Deferred tax assets are reviewed at each Balance Sheet date and written
down or written-up to reflect the amount that is reasonably/virtually
certain (as the case may be) to be realised.
The break-up of the deferred tax assets and liabilities as at the
Balance Sheet date has been arrived at after setting-off deferred tax
assets and liabilities where the Company has no legally enforceable
right and an intention to set-off assets against liabilities and where
such assets and liabilities relate to taxes on income levied by the
same governing taxation laws.
j. Earnings per share
Basic earnings per share is computed by dividing the net profit or loss
after tax attributable to equity shareholders for the year by the
weighted average number of equity shares outstanding during the year.
For the purpose of calculating diluted earnings per share, net profit
or loss after tax attributable to equity shareholders and the weighted
average number of shares outstanding during the year are adjusted for
the effects of all dilutive potential equity shares. Dilutive potential
equity shares are deemed converted as of the beginning of the period,
unless they have been issued at a later date. In computing the dilutive
earnings per share, only potential equity shares that are dilutive and
that either reduces the earnings per share or increases loss per share
are included.
k. Provisions and contingencies
The Company recognises a provision when there is a present obligation
as a result of past obligating event that probably requires an outflow
of resources and a reliable estimate can be made of the amount of the
obligation. A disclosure for a contingent liability is made when there
is a possible obligation or a present obligation that may, but probably
will not, require an outflow of resources. Where there is a possible
obligation or a present obligation that the likelihood of outflow of
resources is remote, no provision or disclosure is made.
l. Leases
Lease that do not transfer substantially all the risks and rewards of
ownership are classified as operating leases and recorded as expense as
and when the payments are made over the lease term.
m. Impairment of assets
The Company assesses at each balance sheet date whether there is any
indication that an asset may be impaired. If any such indication
exists, the Company estimates the recoverable amount of the asset. If
such recoverable amount of the asset or the recoverable amount of the
cash generating unit to which the asset belongs is less than its
carrying amount, the carrying amount is reduced to its recoverable
amount. The reduction is treated as an impairment loss and is
recognized in the profit and loss account.
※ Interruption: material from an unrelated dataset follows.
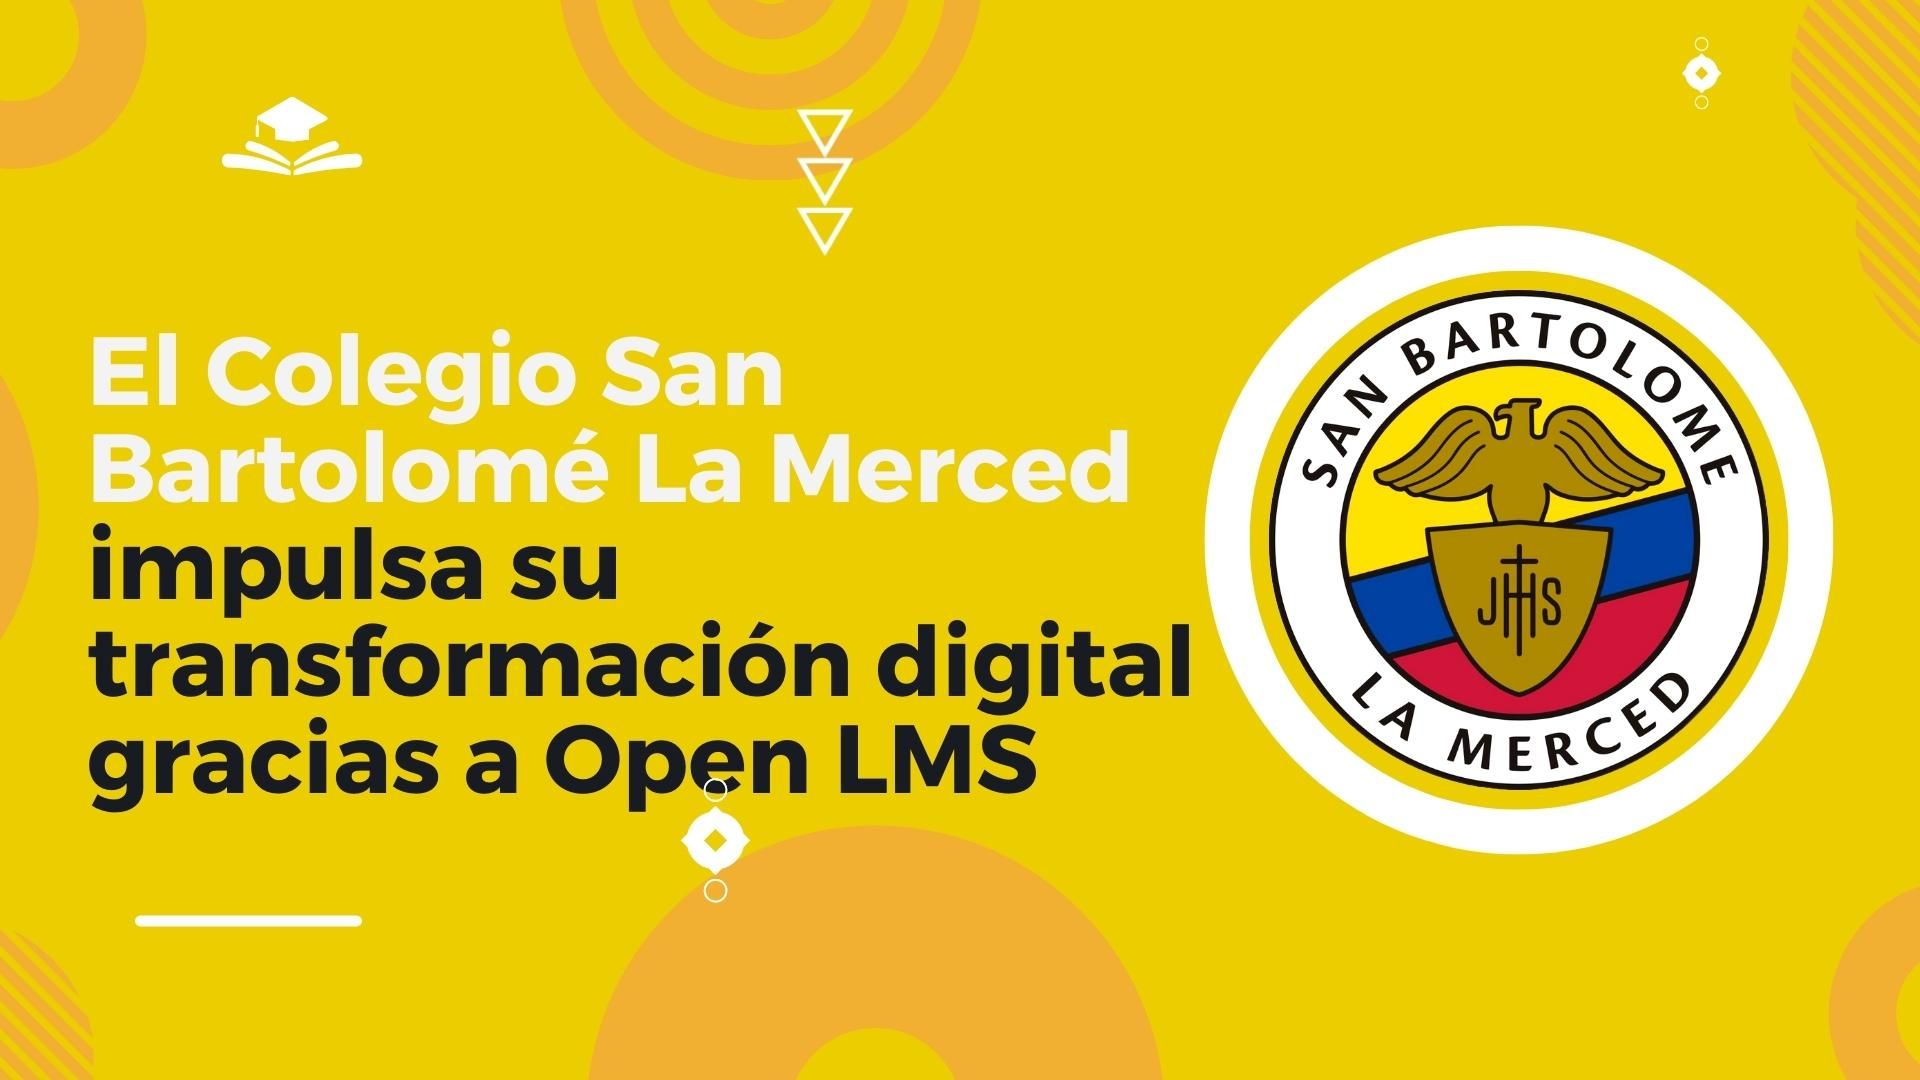 El Colegio San Bartolomé La Merced impulsa su transformación digital gracias a Open LMS
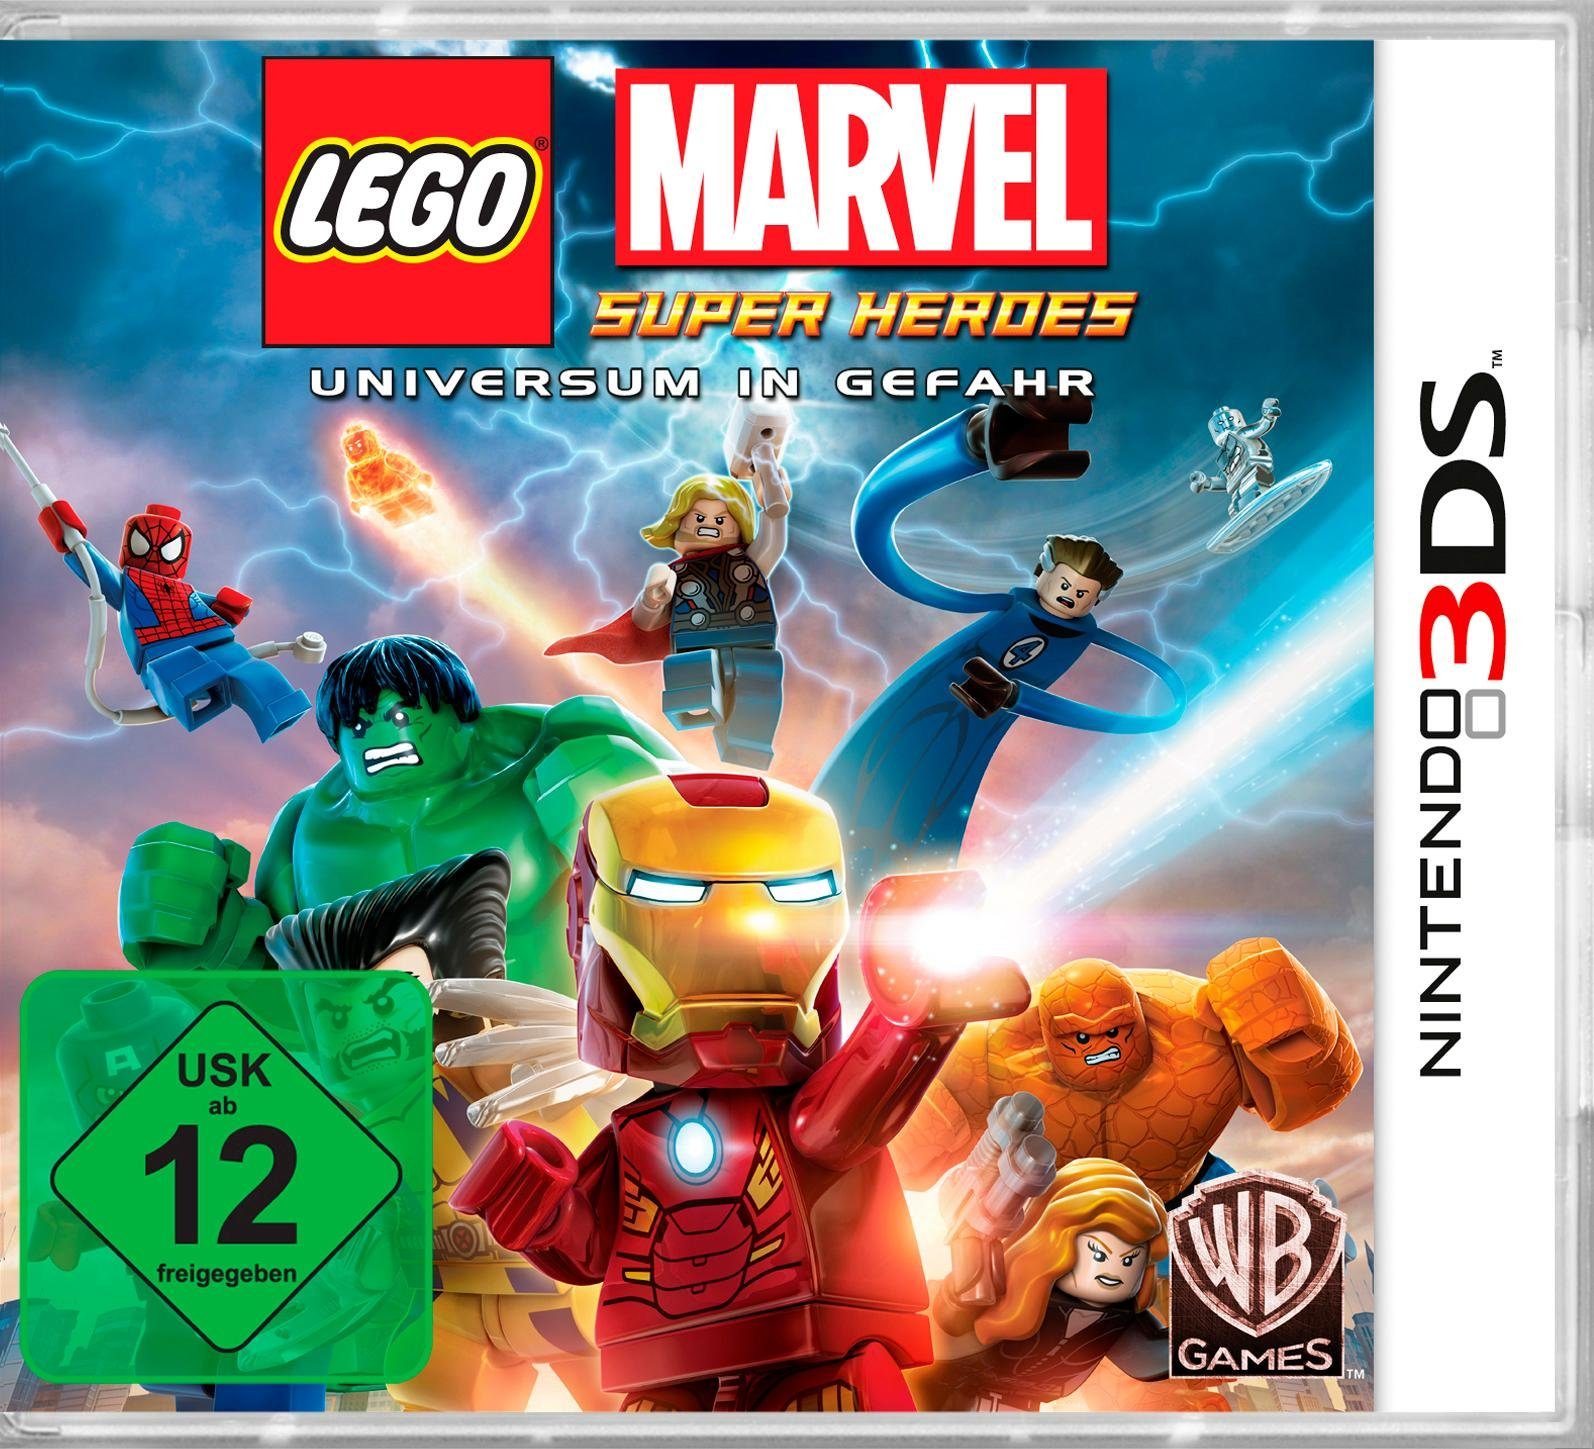 Warner Games Lego 3DS, Nintendo Heroes Pyramide Super Marvel Software

For an asset that does not
generate largely independent cash inflows, the recoverable amount is
determined for the cash-generating unit to which the asset belongs. If
at the balance sheet date there is an indication that a previously
assessed impairment loss no longer exists, the recoverable amount is
reassessed and the asset is reflected at the recoverable amount subject
to a maximum of depreciated historical cost.